When to use log scales
log scales seem to have caused a lot of debate recently. When should we use them?
I think there are two reasons:
- Your data is exponentially distributed.
- You want to transform your data to make certain regions easier to see.
Exponentially distributed data
The first is a bit of a tautology. For independent variables (usually the x-axis) it’s easy. Perhaps you have collected data at points 1, 2, 4, 8, 16 etc. Makes sense to plot this on log2 scale (0, 1, 2, 3, 4). Collected at 0.1, 1, 10, 100 etc? Plot on log10 (-1, 1, 2, 3). An example is minimum inhibitory concentrations (MIC) which are directly measured in log increases, or parameter searches which are often over large ranges.

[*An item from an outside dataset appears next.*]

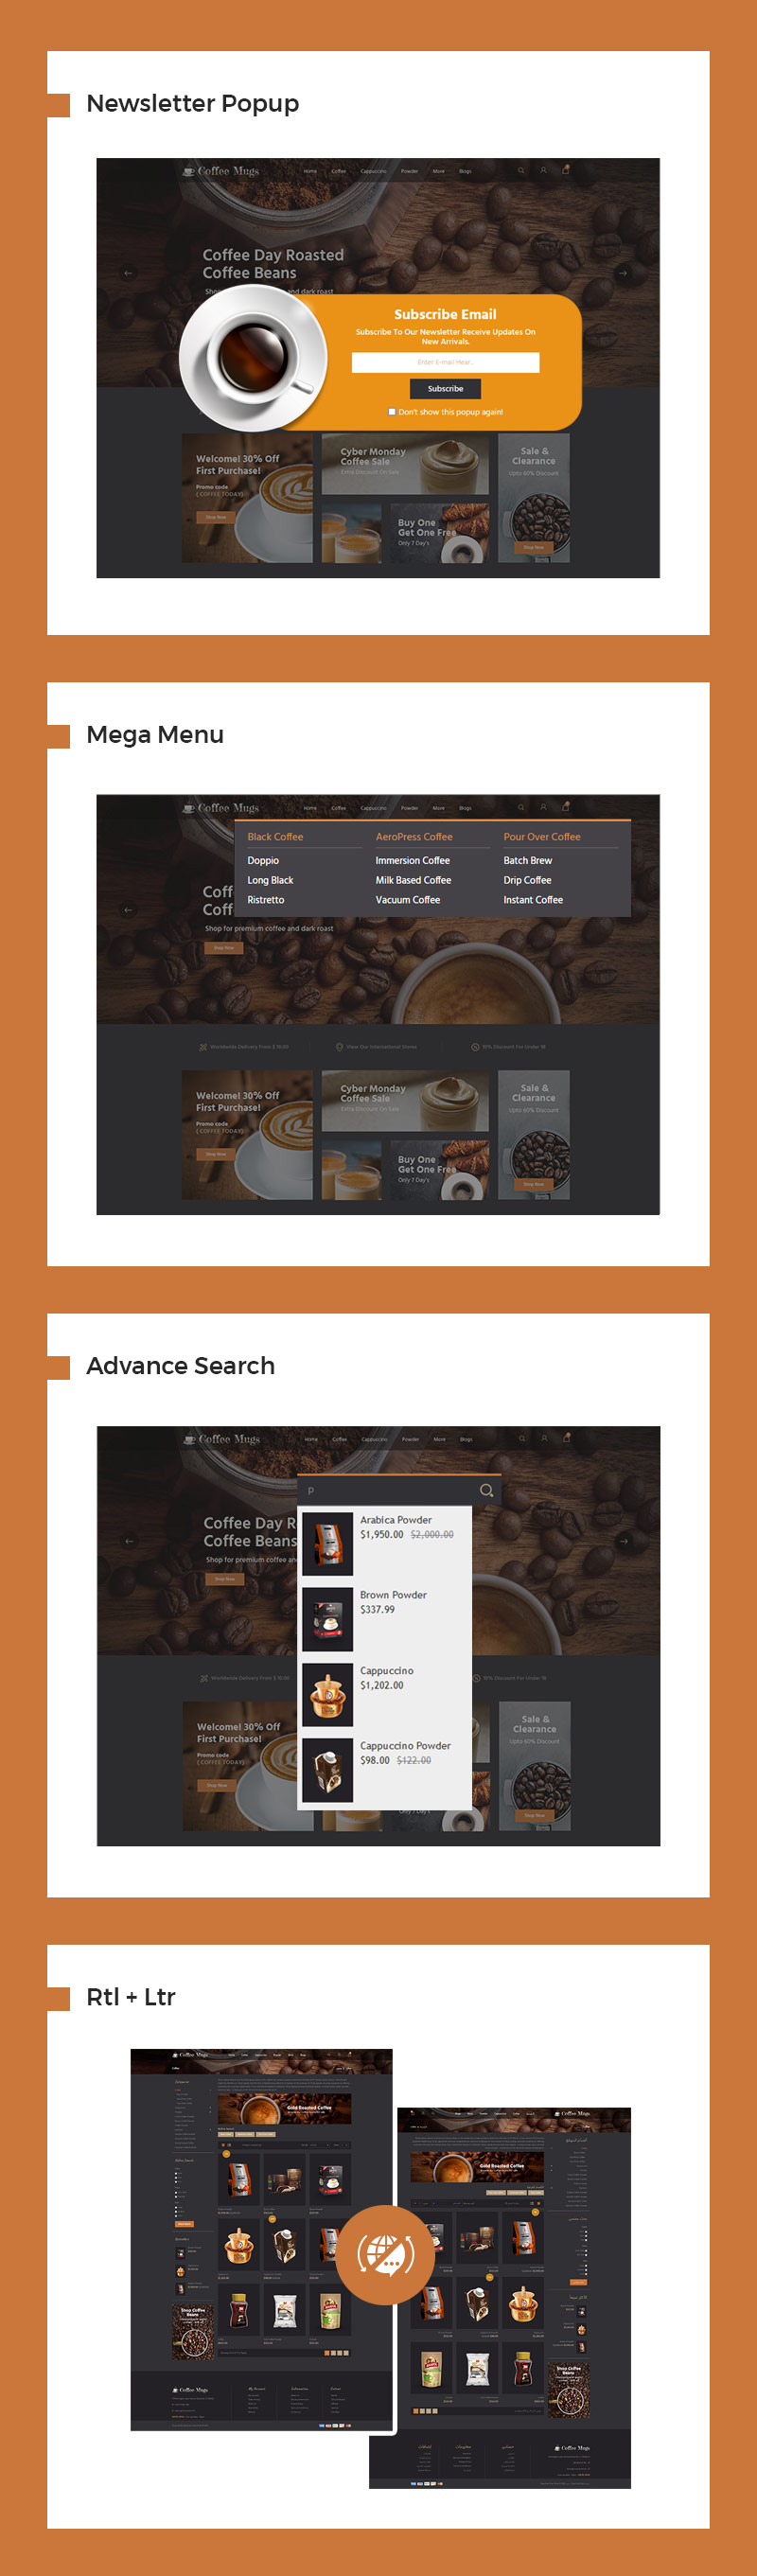 coffeemug-features-2.jpg

But what about dependent variables? Anything that’s a geometric progression (multiplied by a constant factor at each step) will be exponential, and probably needs to be logged to see its range properly.

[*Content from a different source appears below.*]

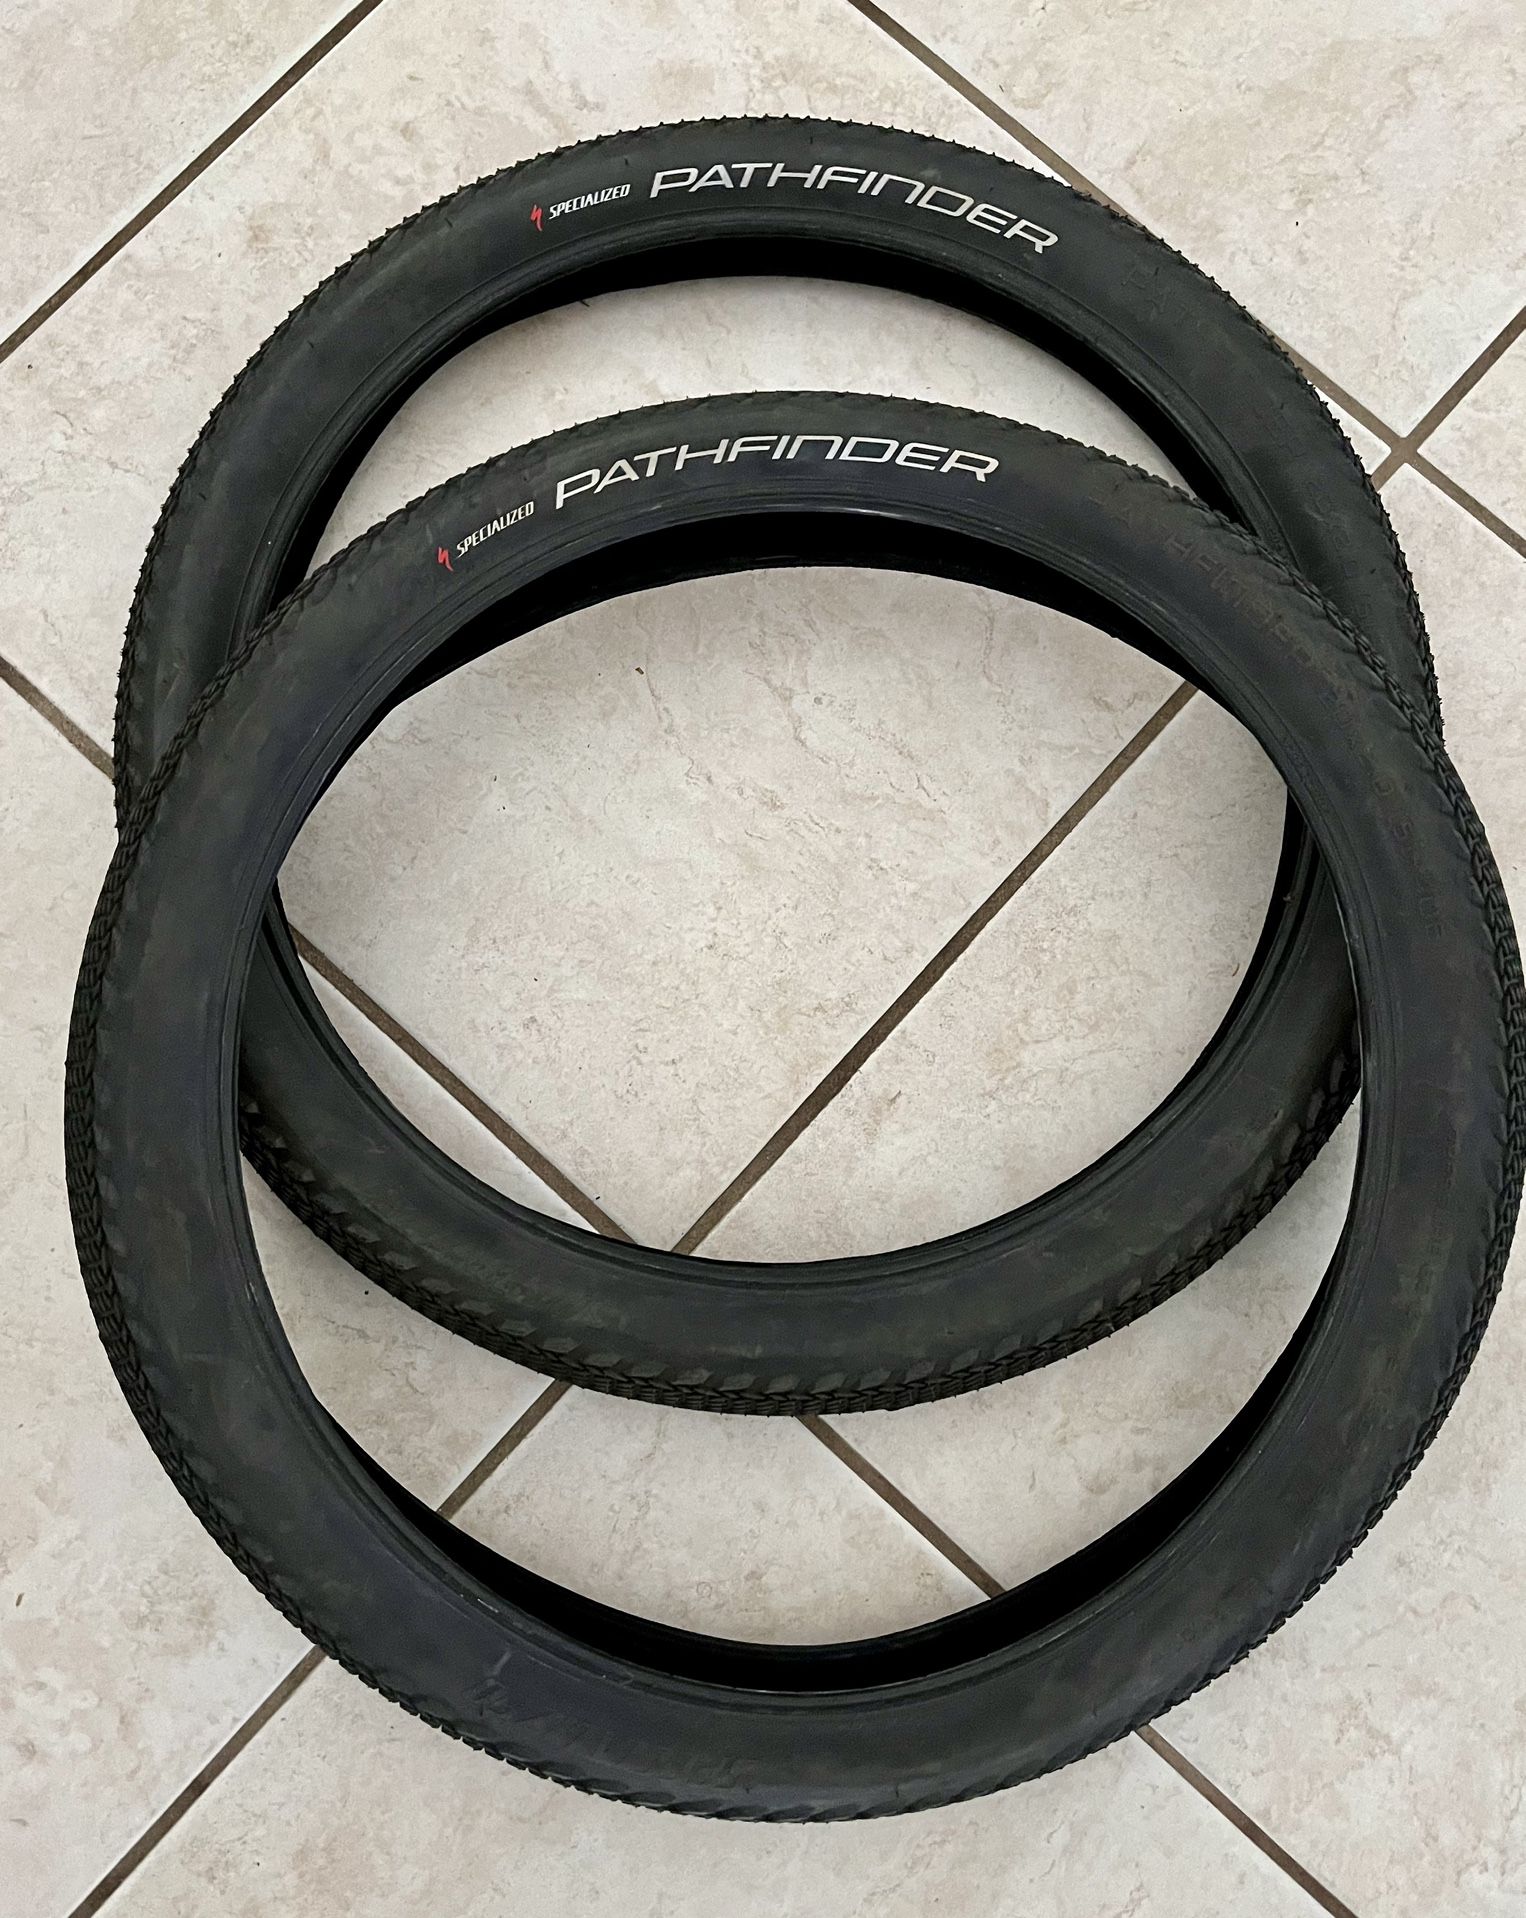 Specialized Pathfinder 20” BMX Tires

An examples might be cases in an epidemic (multiplied, roughly, by R each time interval).
Often when you do this you’ll see a nice linear relationship emerge, which is easier to analyse (visually and analytically).
In the top row, the dependent (x) variable has been collected in logs, and should be plotted as such so the linear relationship is clear. This also spaces out points on the x-axis better. Similarly in the bottom plot, the growth rate of an independent variable which rises along an exponential curve is better seen when logged. This also spaces points out on the y-axis better. It is usually clearer to write values on the scales as their untransformed values.

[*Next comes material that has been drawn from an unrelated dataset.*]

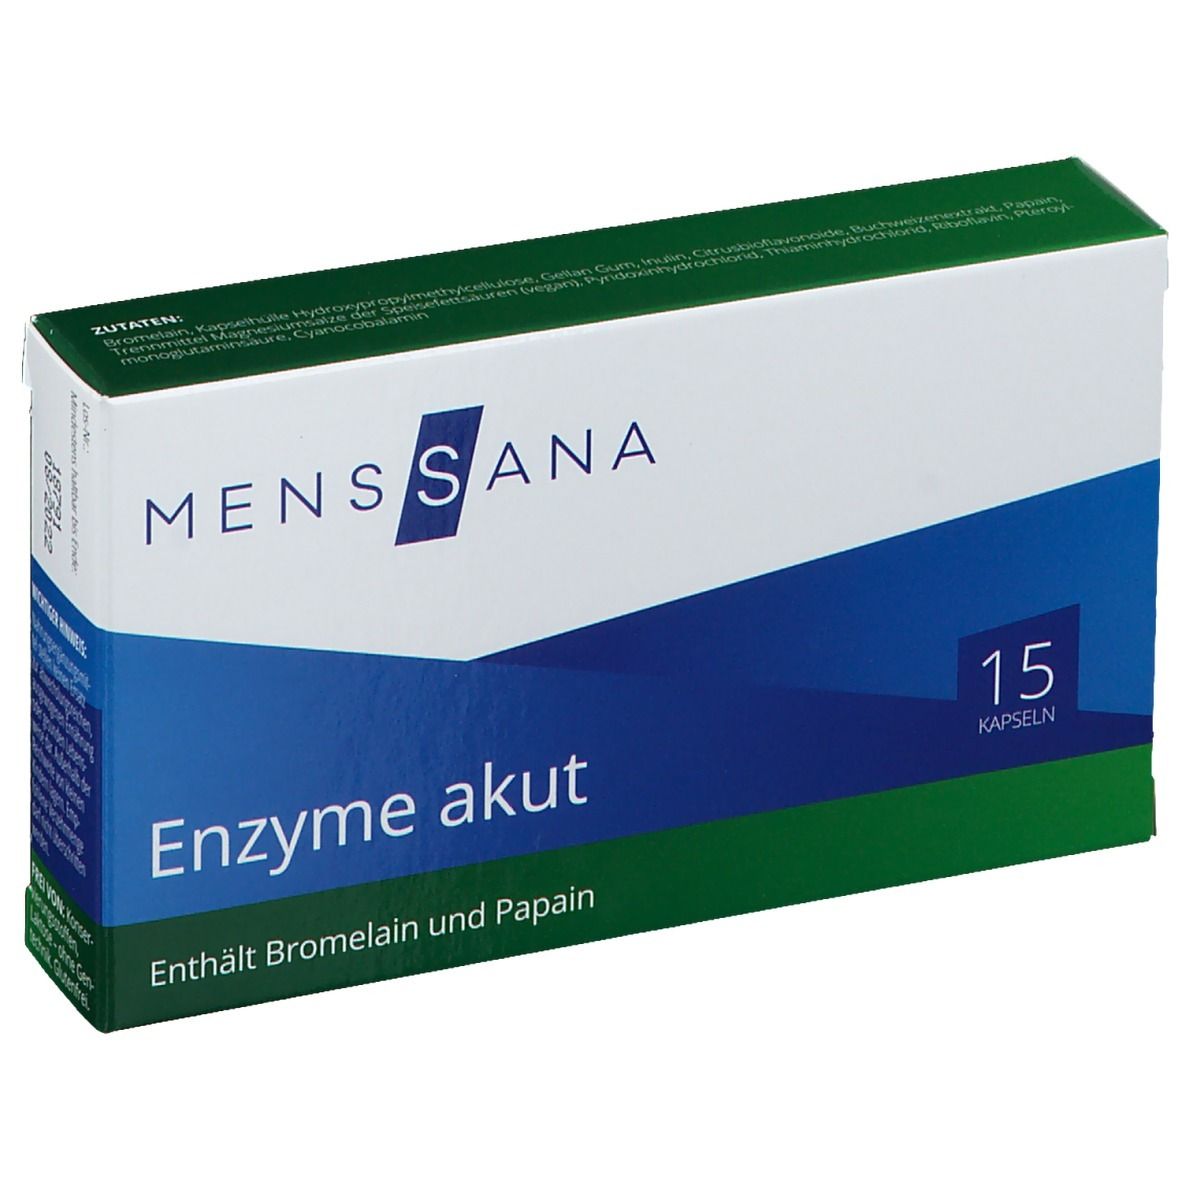 MensSana Enzyme akut

Transforming for visualisations
Another reason you may want to log a scale is more purely for visualisation purposes – nothing mechanistically to do with the variables being plotted or how they were collected.
Broadly, logging a variable expands the range of the smaller values and shrinks the range of the larger values.
Very useful when looking across a large range or your values are bunched up at the lower range!.
Really this has nothing directly to do with logs/exponentials, it’s just a nice function whose shape has this useful property. In fact, you are often free to use any transformation you want. If you want one that shrinks/grows less than log(x), use sqrt(x). If you want one that does it even more than log(x), use 1/x.
In this case we take a transform of the x variable to display the data more clearly so it fills the plot evenly, and uses the space as best as possible. Each transform spreads/squeezes data more. In this case the data is actually logged so this leads to perfect spacing.
More intuition
To get a sense of what logging looks like, try using log graph paper.
Also very handy: in base 10 a linear change of 0.3 is a log change of 0.5 as log10(3) = 0.5. So if you had a progression 10, 30, 100, 300 etc, these are about equally spaced on a log scale.
log-log scales
log-log scales can be used to analyse power laws, or when both variables are exponentially distributed, or need to be spread out better.